Search retrieval based on single word or phrase matching within Web documents has its roots in the field of information retrieval. Information retrieval systems had their broadest application in database systems for indexes to bibliographic references; mainly reference librarians originally used them. Even in the research community, researchers frequently came to librarians with their search requests. Prior to the Web, the general public had limited access to information. Information retrieval was a vital part of research but members of the public tended to seek advice from a local expert on a topic or they would go to a library, if one were available in their community.

Librarians became efficient at searching bibliographic systems by spending countless hours learning the structure of each database and the best way to search based on the underlying indexing and database structure. These information retrieval systems were effective as search tools because they were applied to a small resource with a particular discipline or application bias. Many of these systems made use of tools such as controlled vocabularies and thesauri to achieve precise information retrieval.  They were not particularly effective when searching full text documents unless index terms were added to clarify and define the meaning of the full text article.

With the widespread use of the Web today, few people have the patience to search an index of bibliographic references. They may consider using such an index if it includes a unique searching capability such as molecular structure searching for the chemist that can be found in Scifinder (Trademark name of American Chemical Society Online Chemical Abstracts, at www.cas.org/SCIFINDER/scicover2.html). Even in this kind of searching, users expect to locate a ready link to the full text. On the Web, the closest approximation to this type of index searching is found in a directory-type search such as Yahoo where broad categories of topics are selected and then the user follows a tree or drills down to a level where truly meaningful information is found.

Now that the Web has become a pervasive part of society, users expect to turn to the Web and locate the information they need with the same skill as librarians. Many of the search engines have come a long way toward achieving this but much remains to be done. The Web itself lacks the inherent structure that was an integral part of the bibliographic systems that were previously described. There is a movement on the Web to add the kind of structure that will enable precise information retrieval previously limited to these library research tools. To create a structured information environment, many resources have to be made available and worldwide cooperation and agreement on standards must be in place. Work is progressing in this area to allow for the development of what is known as the semantic web (www.w3.org/2001/sw/).

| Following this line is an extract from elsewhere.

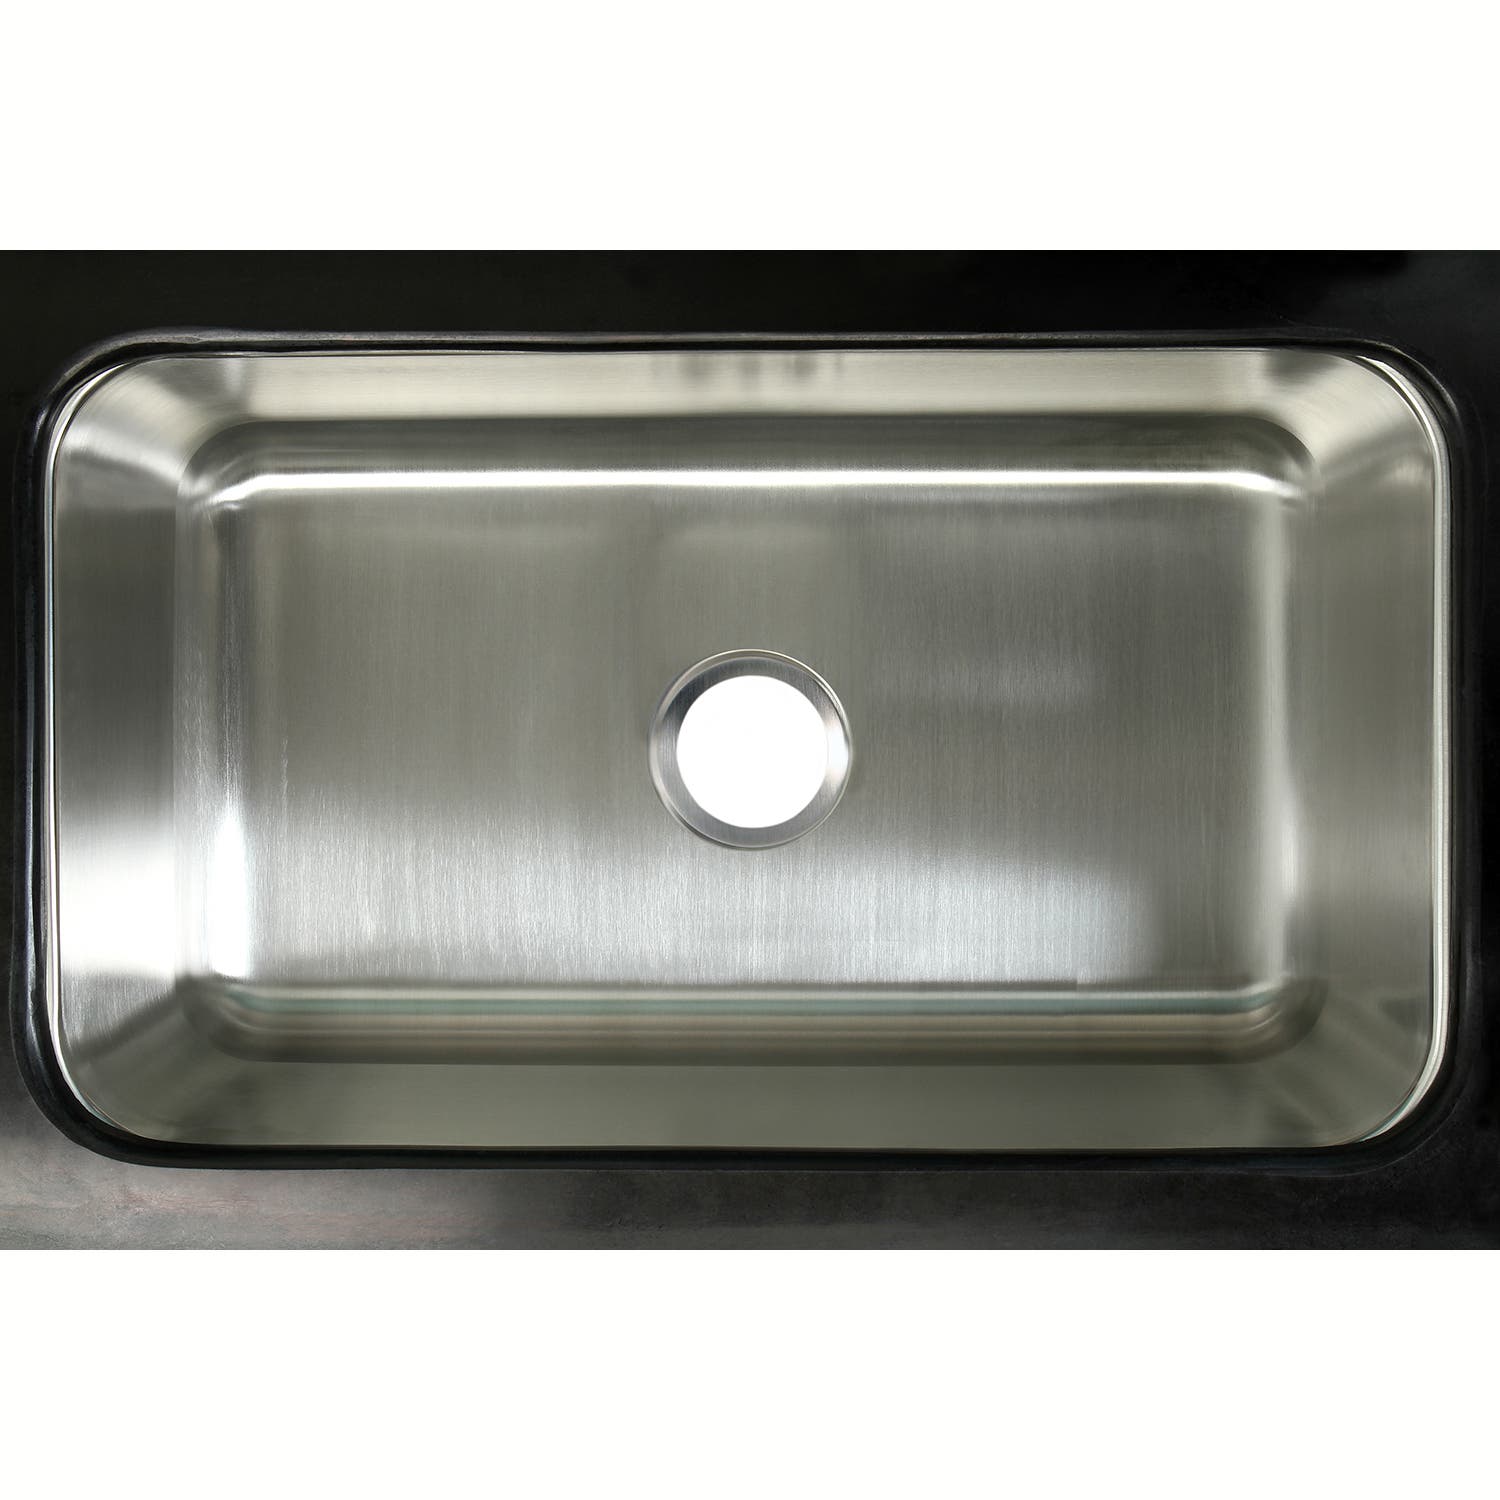 The Buying Guide of Kingston Brass Kitchen Sinks
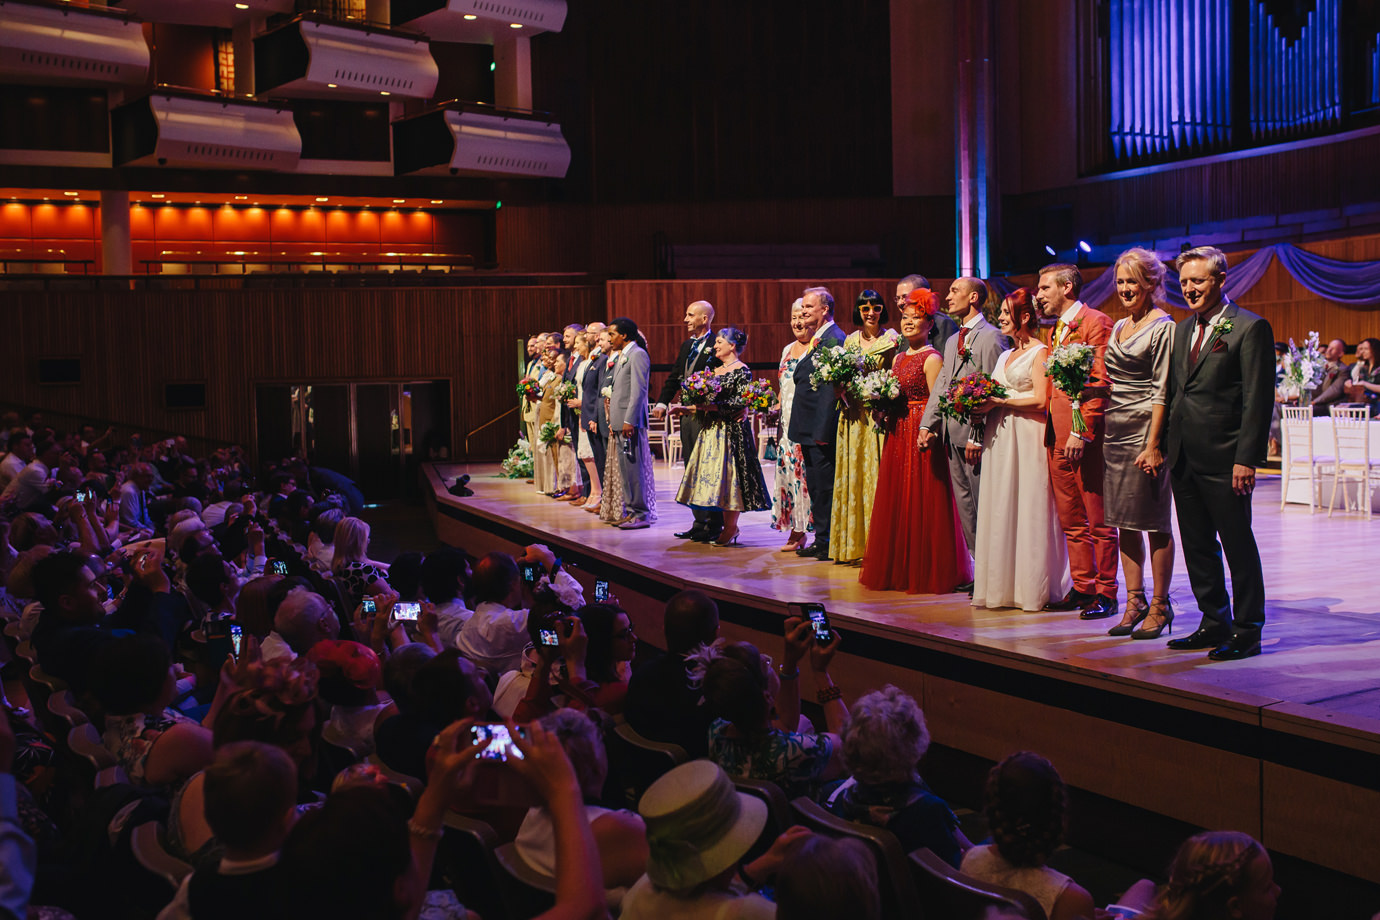 Married couples on stage, Festival of Love, Royal Festival Hall, London

Relevancy ranking enhances web searching

With the development of keyword searching and more user-friendly web search engines, access to the Web moved from the research lab and  into use by the general public. It was only when the number of users reached a critical mass that conclusions could be drawn about the patterns of user behavior. Prior to these developments, the Web was an information resource for only a few people and it was impossible to predict the behavior of the population at large.

With the appearance of these first search engines, it became apparent that most users were unwilling to work their way through numerous screens of Web addresses until they found an interesting site. Previously, this was unknown and it was thought that users would browse through several pages of websites and assess the value of each Web link. This has proven not to be the case and most users will browse only the first two or three screens.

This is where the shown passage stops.